Start of Block

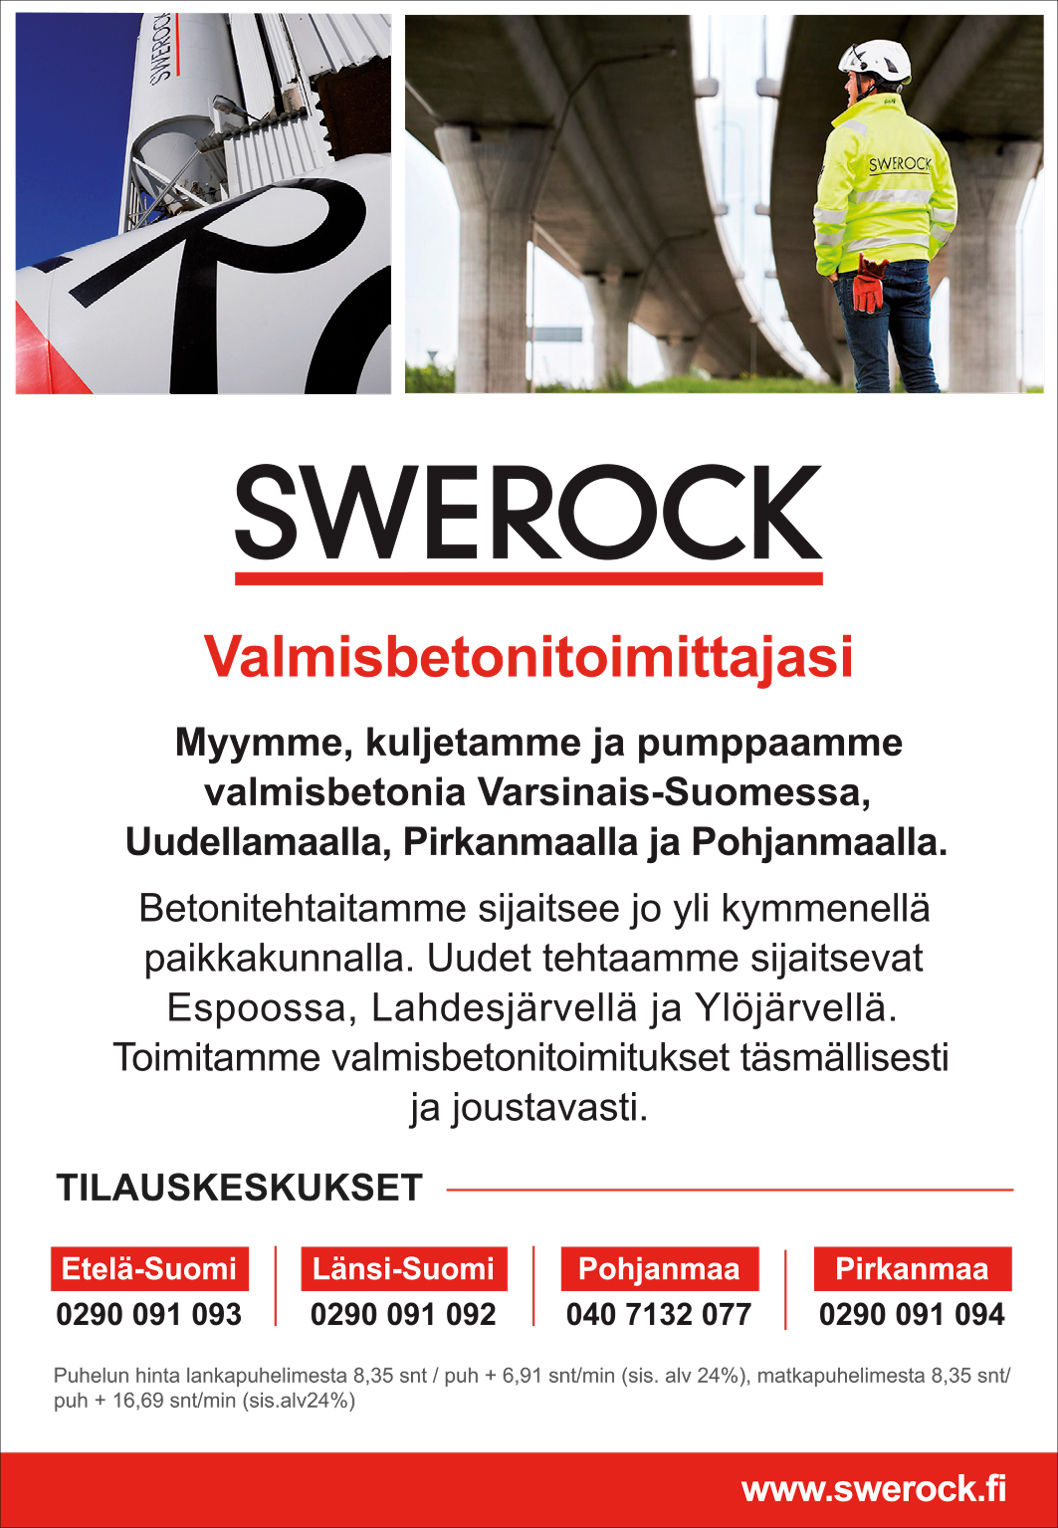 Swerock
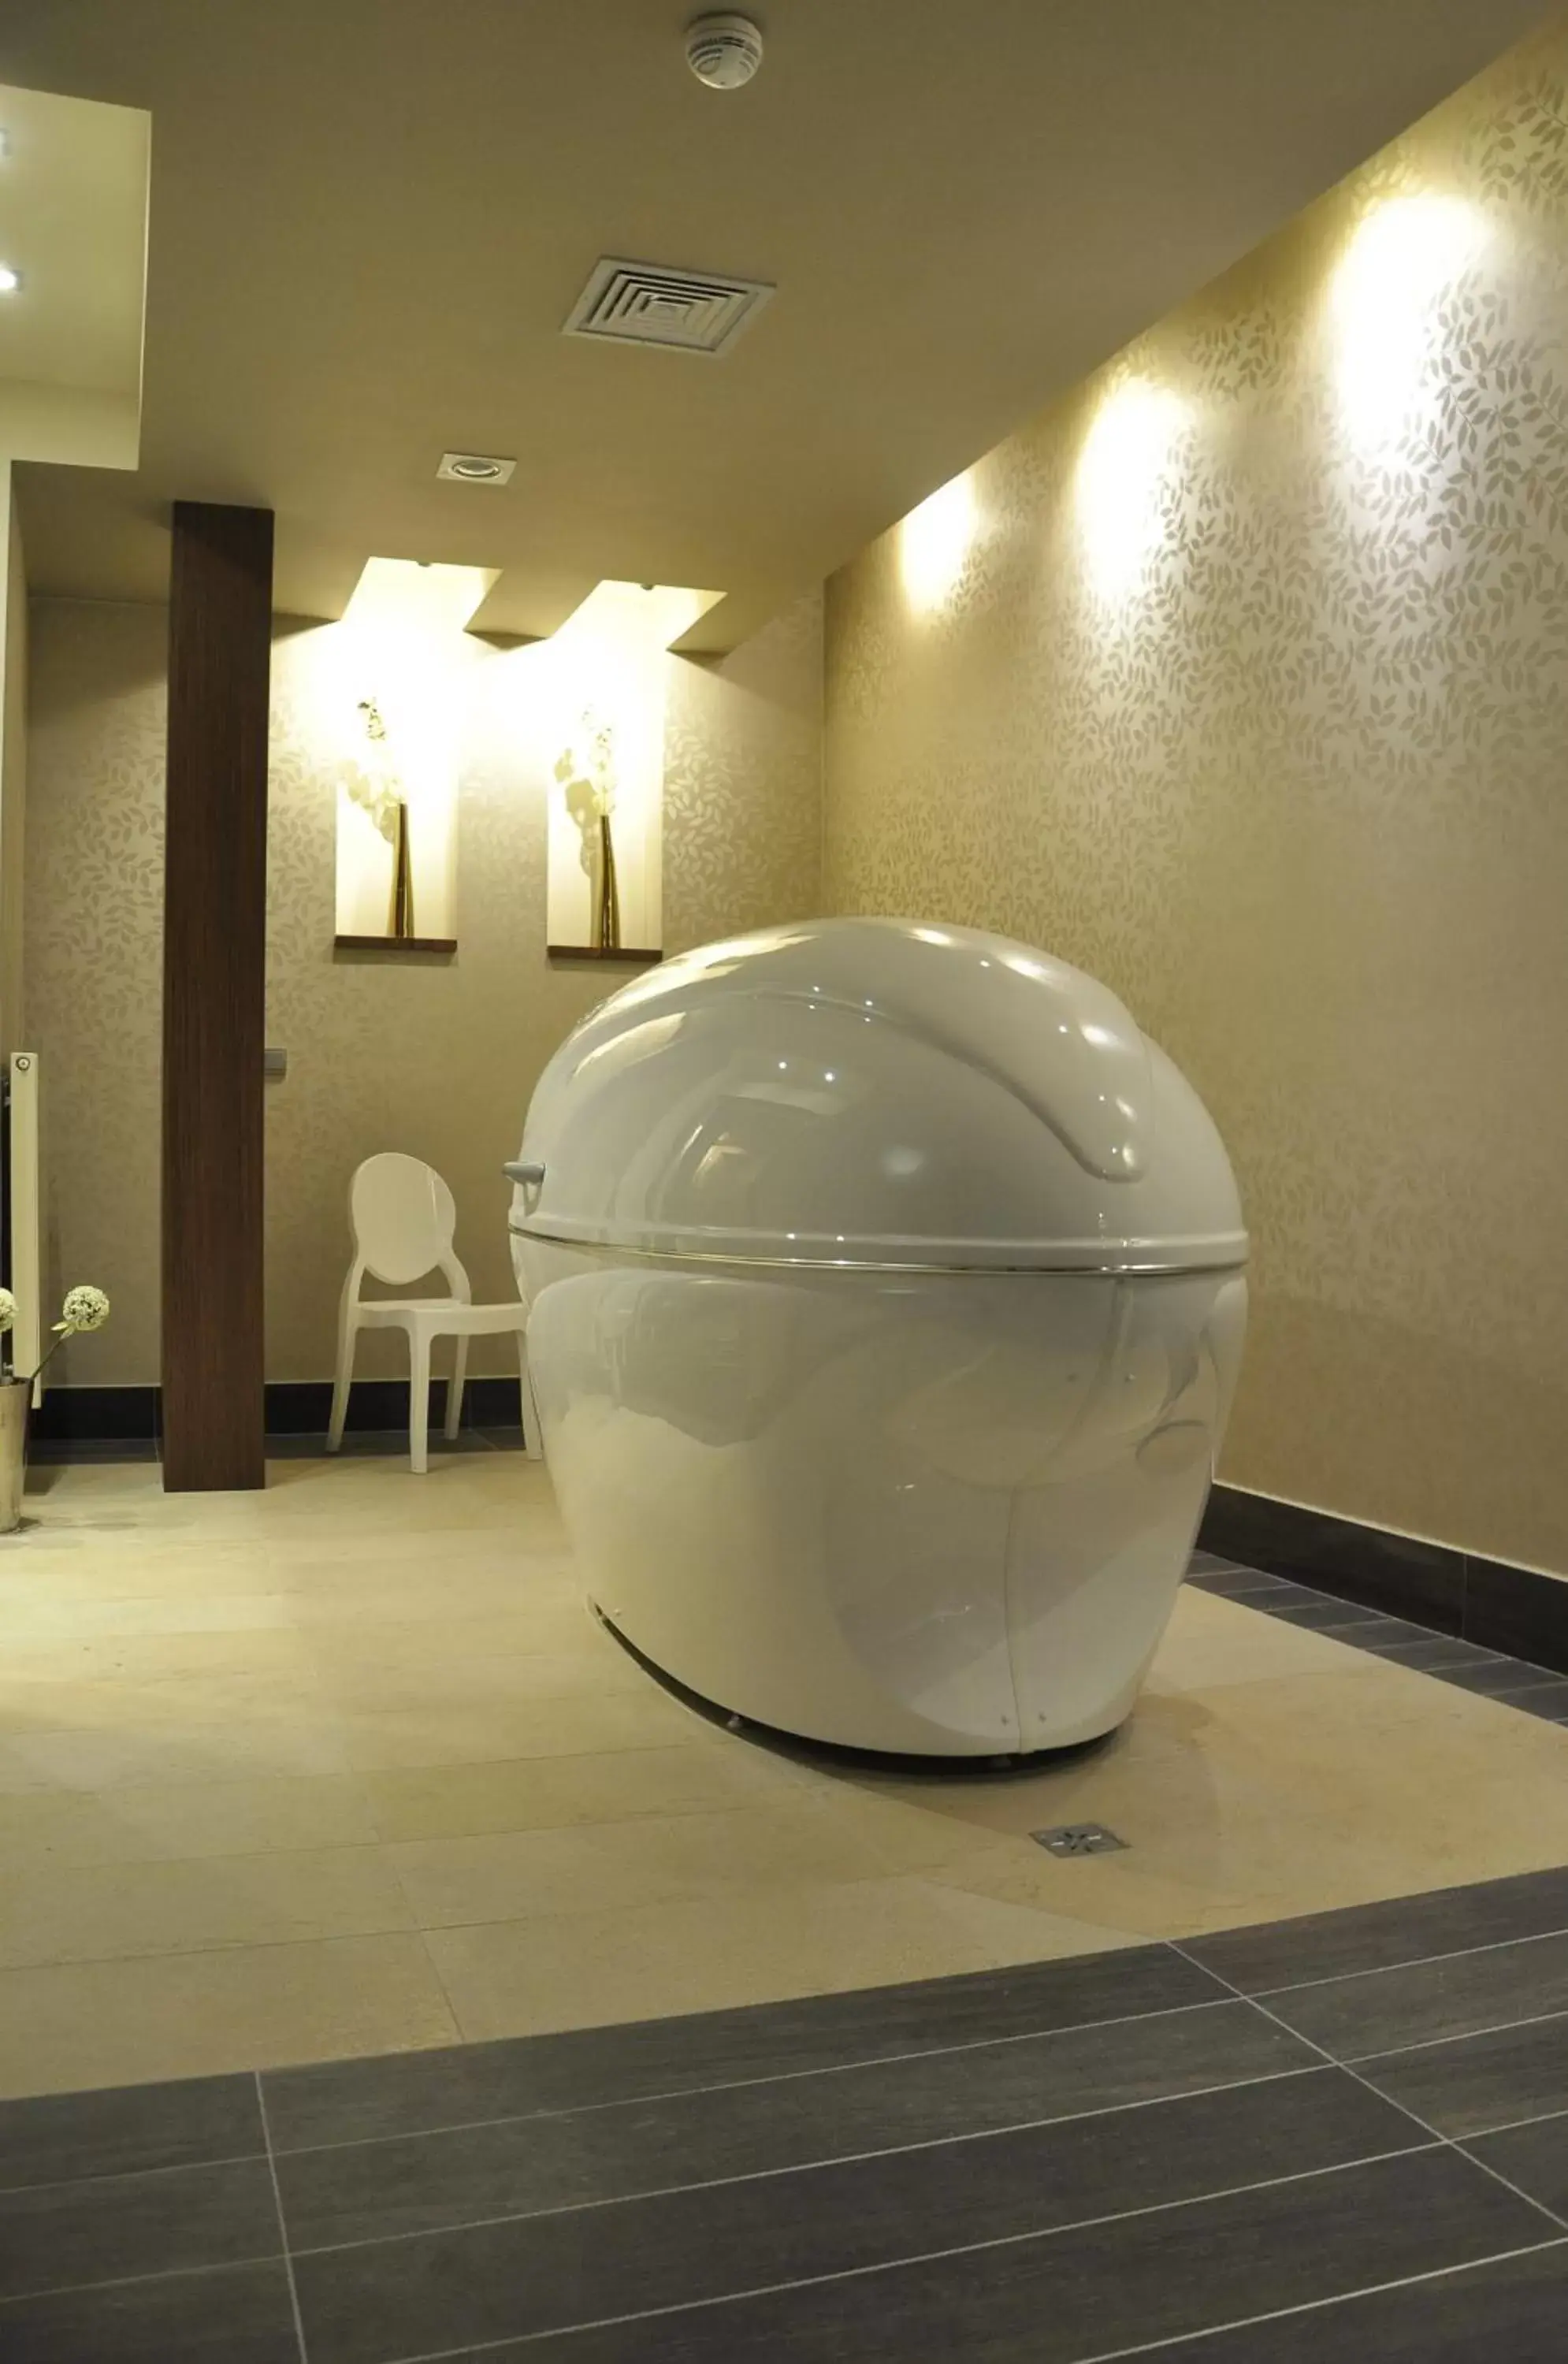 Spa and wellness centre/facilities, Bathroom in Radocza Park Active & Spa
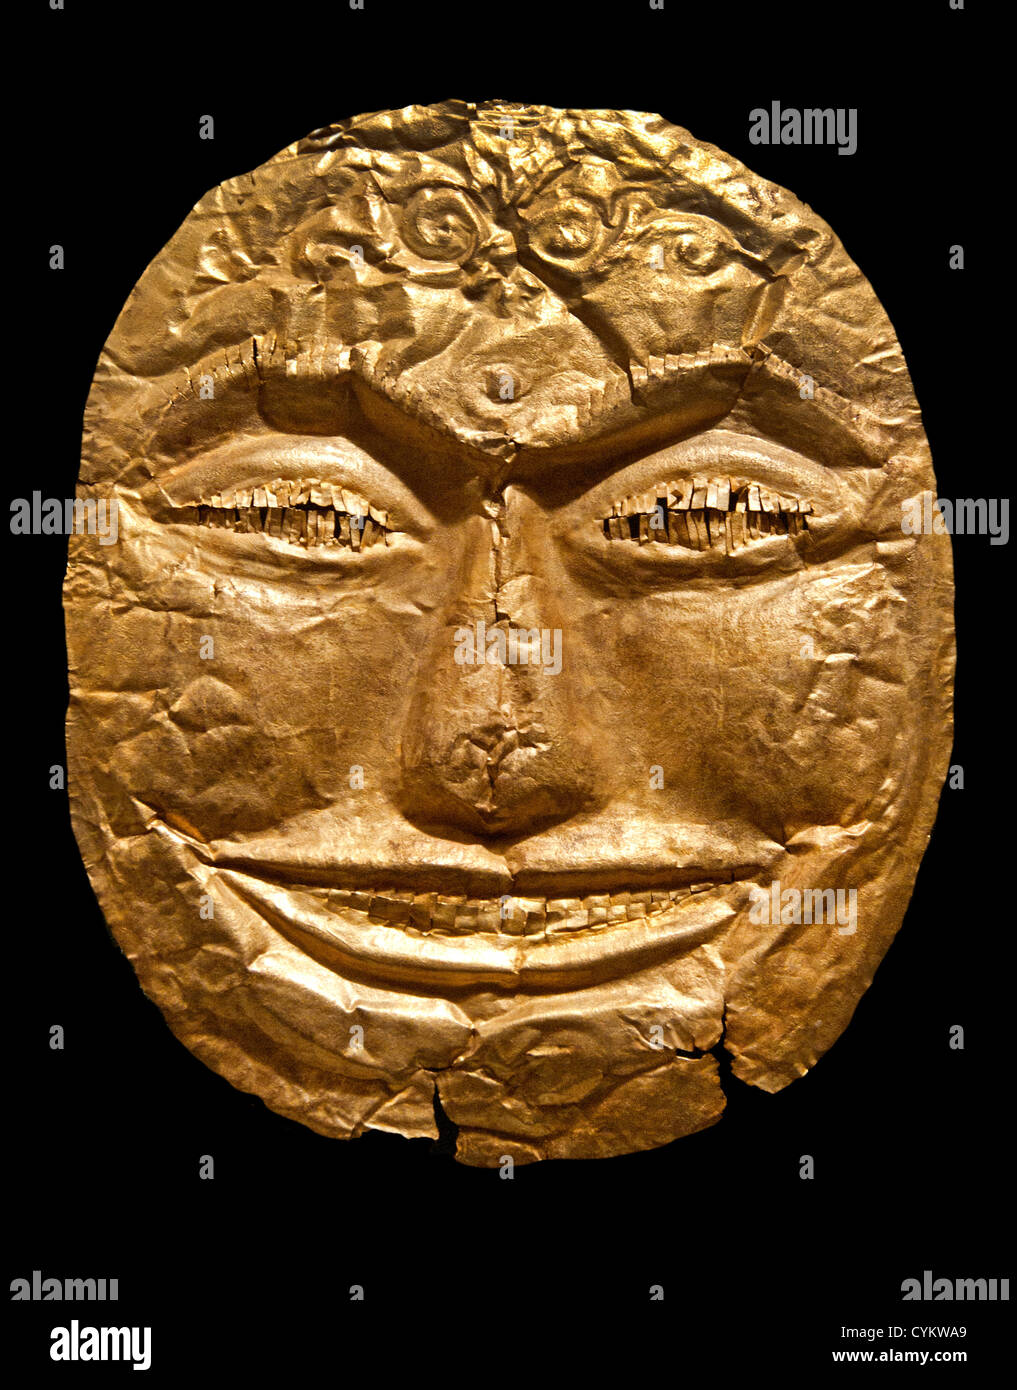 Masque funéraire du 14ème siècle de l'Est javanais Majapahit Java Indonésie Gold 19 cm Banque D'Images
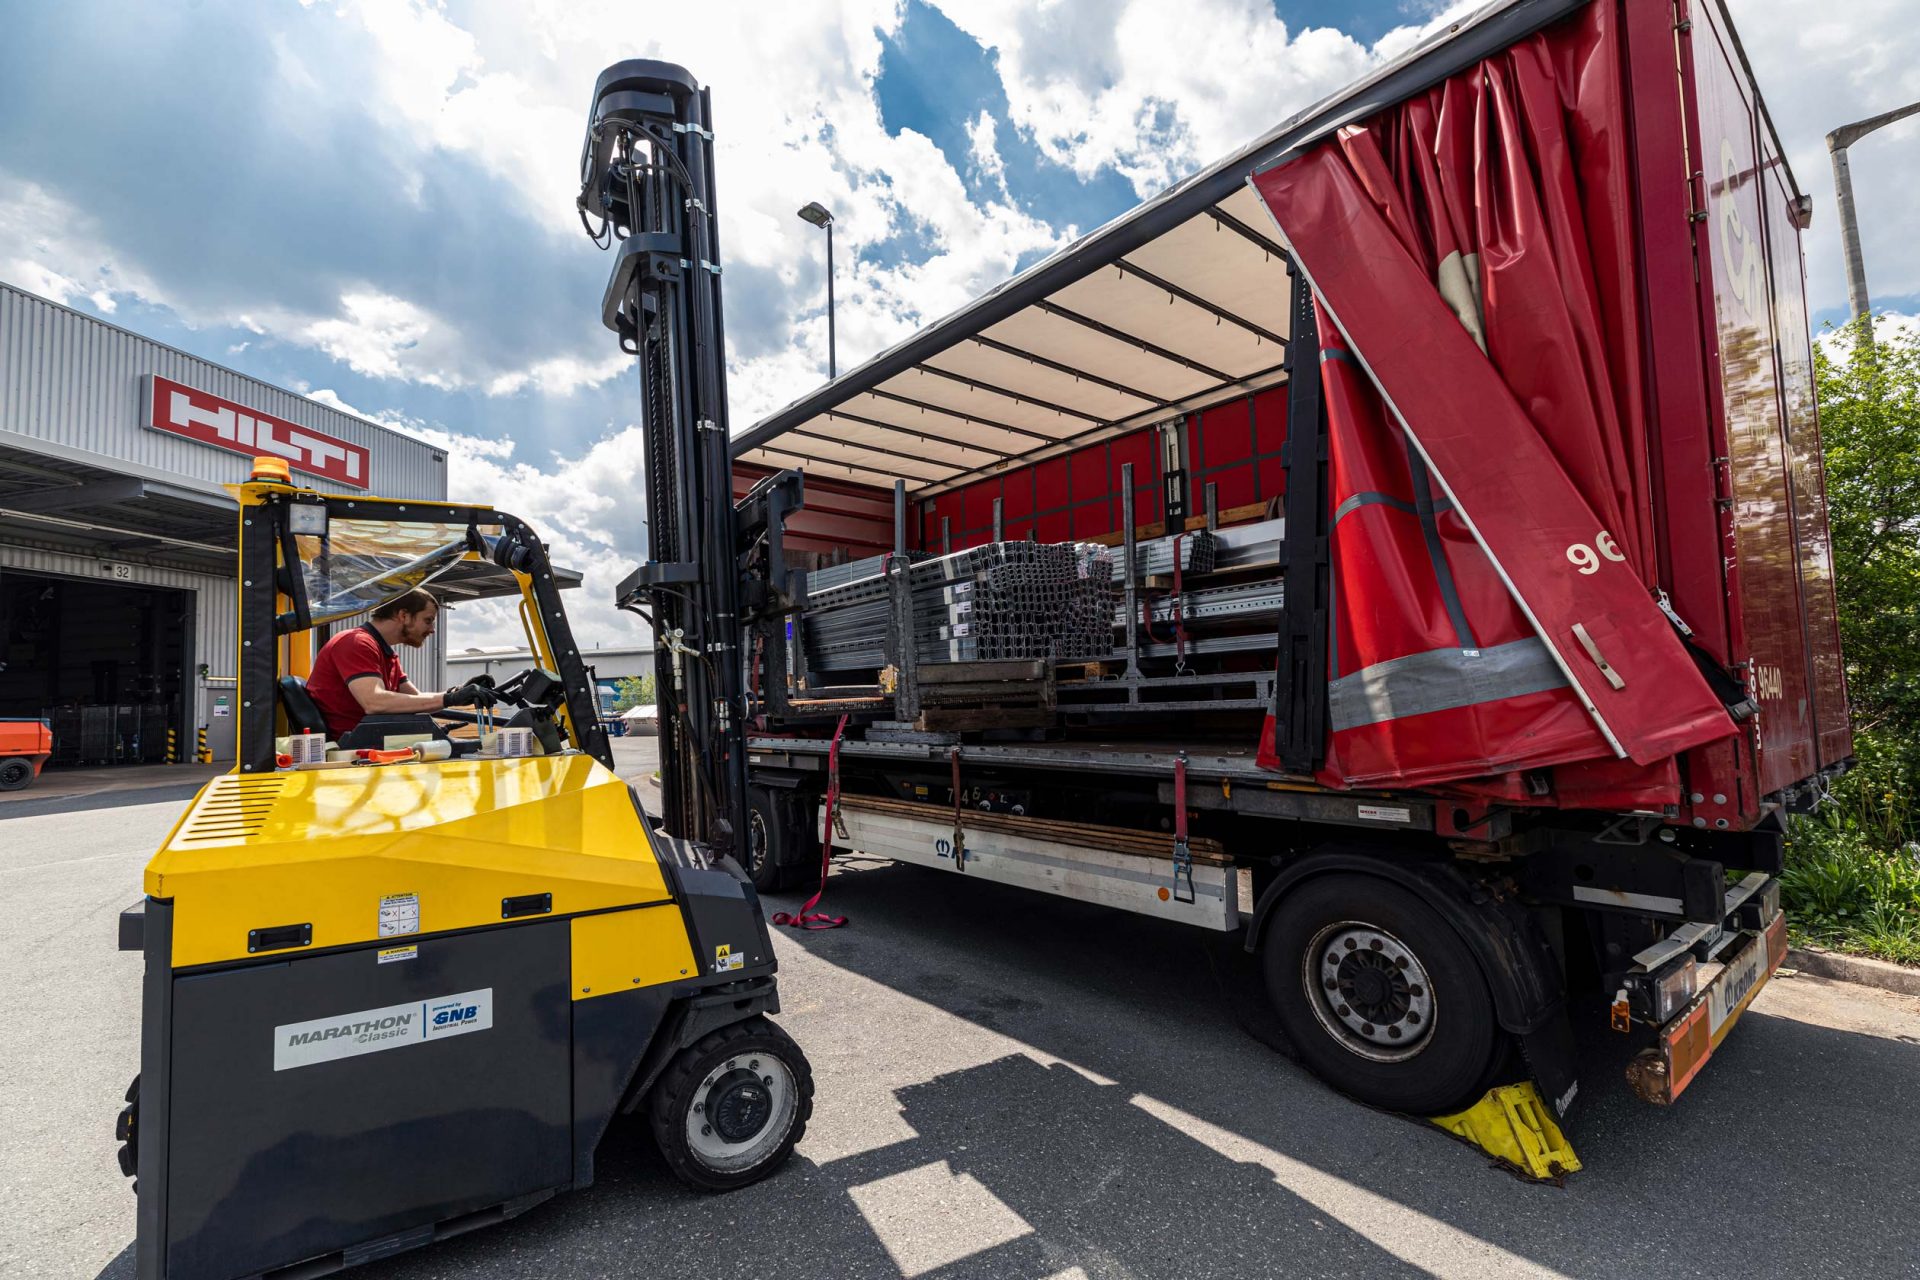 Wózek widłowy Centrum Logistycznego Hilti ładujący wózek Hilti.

End of Block

■ **TASK DETAILS**: From the material above, reproduce everything verbatim except the pictures.

■ **EXPECTED OUTPUT**:
 Swerock
 Spa and wellness centre/facilities, Bathroom in Radocza Park Active & Spa
 Masque funéraire du 14ème siècle de l'Est javanais Majapahit Java Indonésie Gold 19 cm Banque D'Images
 Wózek widłowy Centrum Logistycznego Hilti ładujący wózek Hilti.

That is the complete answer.